Once inside, the first stop a man would make if he were looking for a night of drinking, gambling, and sex, would be to the Wolfs’ apartment where Hester’s husband, Henry, held court. This apartment was also where tenants in the building went to sign rental agreements and pay their rent every month. This administrative chore occurred in the same location as the illicit business of cards, booze, and prostitution.[3] Like many buildings in the neighborhood, at 102 Allen Street, people who did not participate in the illicit economy and culture of prostitution lived side by side with those who did. Often the worlds are seen as separate: “honest citizens” and prostitutes. But nothing is that clear-cut.

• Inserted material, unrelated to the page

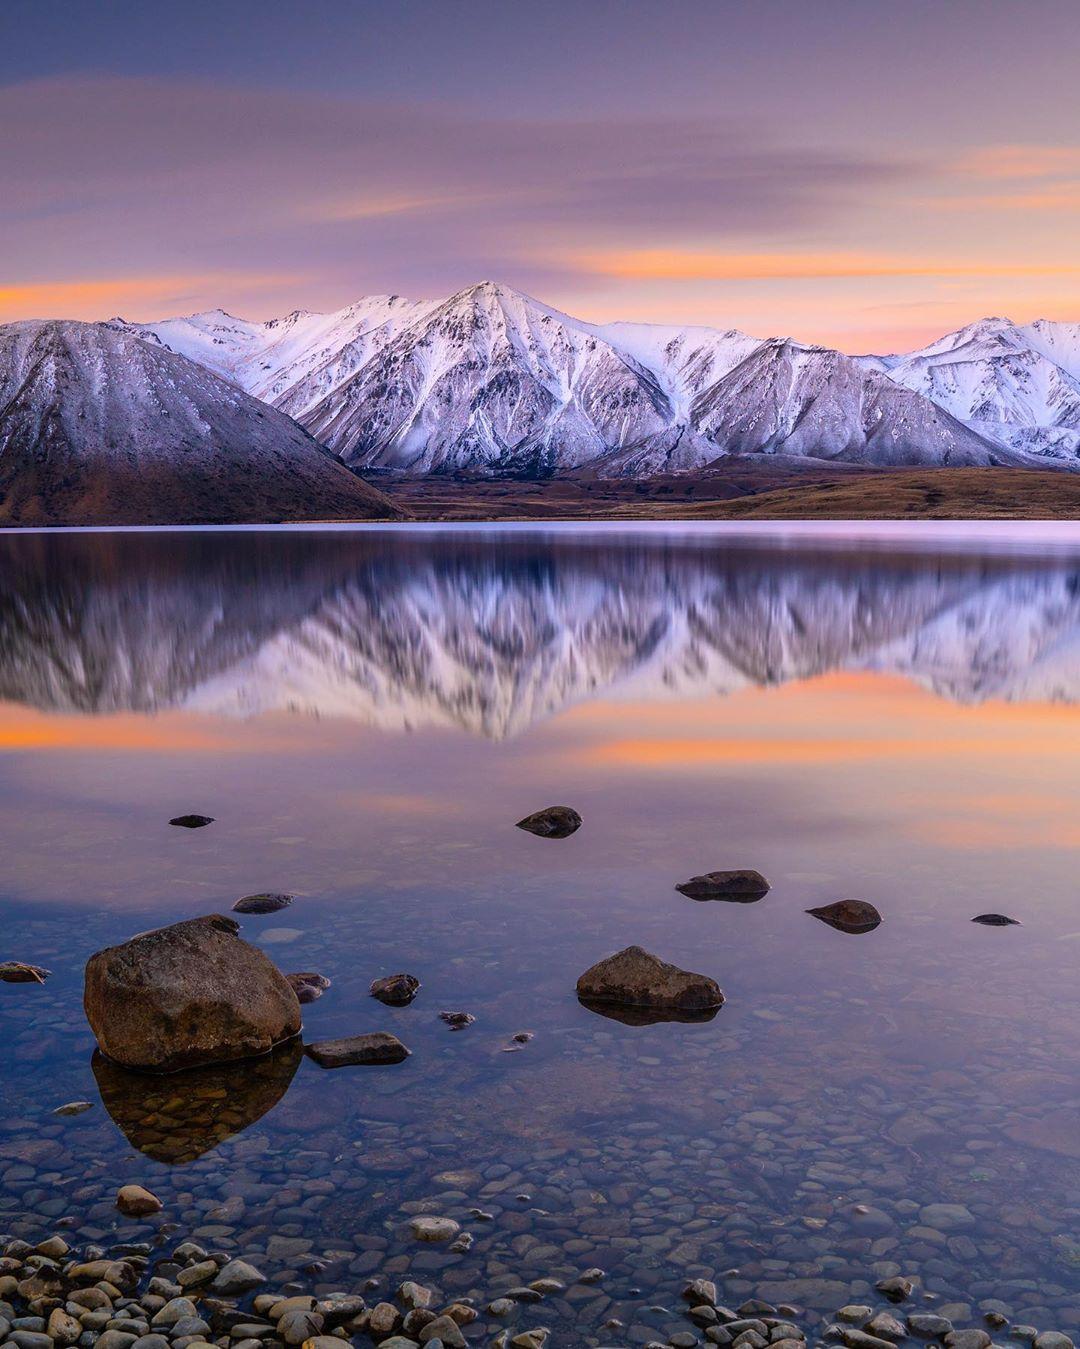 как правильно выбрать пейзаж для красивого фото съемку

In 1901 the Committee of Fifteen formed in New York City to tackle the perceived problem of prostitution in the city.[4] These men, mostly wealthy businessmen and academics, hired about 20 working-class men to pose as customers, investigate the tenements, brothels, and saloons, and report back on their experiences.[5] While the perspectives of the Committee and other similar reformers have been previously studied, the perceptions of those who lived with prostitution as part of their daily lives have not been thoroughly explored. This includes the investigators hired by the Committee, community members who lived among prostitutes (in their buildings and in their neighborhoods), and the people under investigation — the pimps, madams, and prostitutes. By looking at 102 Allen Street, which was the most actively investigated brothel, in both the neighborhood specifically and the city as a whole, we can see the complexity of different perspectives and experiences surrounding prostitution.

These perceptions varied based on a person’s gender and class, whether they participated in the illicit industry, either as a consumer or a provider, and how they benefited financially from prostitution, or the investigation. By looking beyond the reformers on the Committee of Fifteen and focusing on the people who lived in the neighborhood — the prostitutes, pimps, and madams, their neighbors, and at the men who directly investigated them — we gain a better and more inclusive understanding of life on the Lower East Side at the turn of the 20th century.

Jacob Kreiswirth’s investigations notes which show his dual identity as a neighbor and investigator. Committee of Fifteen records, New York Public Libary.

Jacob Kreiswirth’s investigations notes which show his dual identity as a neighbor and investigator. Committee of Fifteen records, New York Public Libary.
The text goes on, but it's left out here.